[Start of section]

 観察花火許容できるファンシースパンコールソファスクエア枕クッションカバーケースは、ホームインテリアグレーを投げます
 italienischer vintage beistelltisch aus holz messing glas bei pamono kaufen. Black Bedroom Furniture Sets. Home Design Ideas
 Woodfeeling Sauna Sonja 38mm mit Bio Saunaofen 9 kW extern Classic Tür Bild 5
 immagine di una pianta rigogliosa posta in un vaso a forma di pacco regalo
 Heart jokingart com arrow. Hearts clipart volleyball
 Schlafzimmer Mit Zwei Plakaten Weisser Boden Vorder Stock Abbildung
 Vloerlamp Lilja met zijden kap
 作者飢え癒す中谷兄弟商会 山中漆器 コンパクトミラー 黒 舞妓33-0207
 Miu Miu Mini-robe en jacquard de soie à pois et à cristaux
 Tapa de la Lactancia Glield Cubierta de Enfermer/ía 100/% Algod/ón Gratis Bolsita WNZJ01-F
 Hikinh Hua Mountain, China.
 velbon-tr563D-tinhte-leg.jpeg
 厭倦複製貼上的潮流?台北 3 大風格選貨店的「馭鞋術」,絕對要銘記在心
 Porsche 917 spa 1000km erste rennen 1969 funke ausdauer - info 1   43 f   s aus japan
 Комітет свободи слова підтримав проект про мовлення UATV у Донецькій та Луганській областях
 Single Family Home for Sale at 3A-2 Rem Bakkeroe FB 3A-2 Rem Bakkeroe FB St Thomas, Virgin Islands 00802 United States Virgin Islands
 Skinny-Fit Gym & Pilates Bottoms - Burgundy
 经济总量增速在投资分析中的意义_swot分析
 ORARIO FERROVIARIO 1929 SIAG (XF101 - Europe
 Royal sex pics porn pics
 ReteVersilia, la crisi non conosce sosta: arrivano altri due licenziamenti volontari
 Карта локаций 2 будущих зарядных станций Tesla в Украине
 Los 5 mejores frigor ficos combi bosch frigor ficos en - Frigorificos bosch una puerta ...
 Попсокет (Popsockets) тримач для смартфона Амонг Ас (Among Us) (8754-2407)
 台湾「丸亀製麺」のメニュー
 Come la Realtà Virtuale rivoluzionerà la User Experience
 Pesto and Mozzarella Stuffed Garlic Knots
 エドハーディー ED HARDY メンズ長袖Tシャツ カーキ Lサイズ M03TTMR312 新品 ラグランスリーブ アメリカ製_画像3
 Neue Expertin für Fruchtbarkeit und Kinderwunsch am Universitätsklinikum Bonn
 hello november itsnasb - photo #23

[End of section]

Down to the last line, copy the entries above exactly.

 観察花火許容できるファンシースパンコールソファスクエア枕クッションカバーケースは、ホームインテリアグレーを投げます
 italienischer vintage beistelltisch aus holz messing glas bei pamono kaufen. Black Bedroom Furniture Sets. Home Design Ideas
 Woodfeeling Sauna Sonja 38mm mit Bio Saunaofen 9 kW extern Classic Tür Bild 5
 immagine di una pianta rigogliosa posta in un vaso a forma di pacco regalo
 Heart jokingart com arrow. Hearts clipart volleyball
 Schlafzimmer Mit Zwei Plakaten Weisser Boden Vorder Stock Abbildung
 Vloerlamp Lilja met zijden kap
 作者飢え癒す中谷兄弟商会 山中漆器 コンパクトミラー 黒 舞妓33-0207
 Miu Miu Mini-robe en jacquard de soie à pois et à cristaux
 Tapa de la Lactancia Glield Cubierta de Enfermer/ía 100/% Algod/ón Gratis Bolsita WNZJ01-F
 Hikinh Hua Mountain, China.
 velbon-tr563D-tinhte-leg.jpeg
 厭倦複製貼上的潮流?台北 3 大風格選貨店的「馭鞋術」,絕對要銘記在心
 Porsche 917 spa 1000km erste rennen 1969 funke ausdauer - info 1   43 f   s aus japan
 Комітет свободи слова підтримав проект про мовлення UATV у Донецькій та Луганській областях
 Single Family Home for Sale at 3A-2 Rem Bakkeroe FB 3A-2 Rem Bakkeroe FB St Thomas, Virgin Islands 00802 United States Virgin Islands
 Skinny-Fit Gym & Pilates Bottoms - Burgundy
 经济总量增速在投资分析中的意义_swot分析
 ORARIO FERROVIARIO 1929 SIAG (XF101 - Europe
 Royal sex pics porn pics
 ReteVersilia, la crisi non conosce sosta: arrivano altri due licenziamenti volontari
 Карта локаций 2 будущих зарядных станций Tesla в Украине
 Los 5 mejores frigor ficos combi bosch frigor ficos en - Frigorificos bosch una puerta ...
 Попсокет (Popsockets) тримач для смартфона Амонг Ас (Among Us) (8754-2407)
 台湾「丸亀製麺」のメニュー
 Come la Realtà Virtuale rivoluzionerà la User Experience
 Pesto and Mozzarella Stuffed Garlic Knots
 エドハーディー ED HARDY メンズ長袖Tシャツ カーキ Lサイズ M03TTMR312 新品 ラグランスリーブ アメリカ製_画像3
 Neue Expertin für Fruchtbarkeit und Kinderwunsch am Universitätsklinikum Bonn
 hello november itsnasb - photo #23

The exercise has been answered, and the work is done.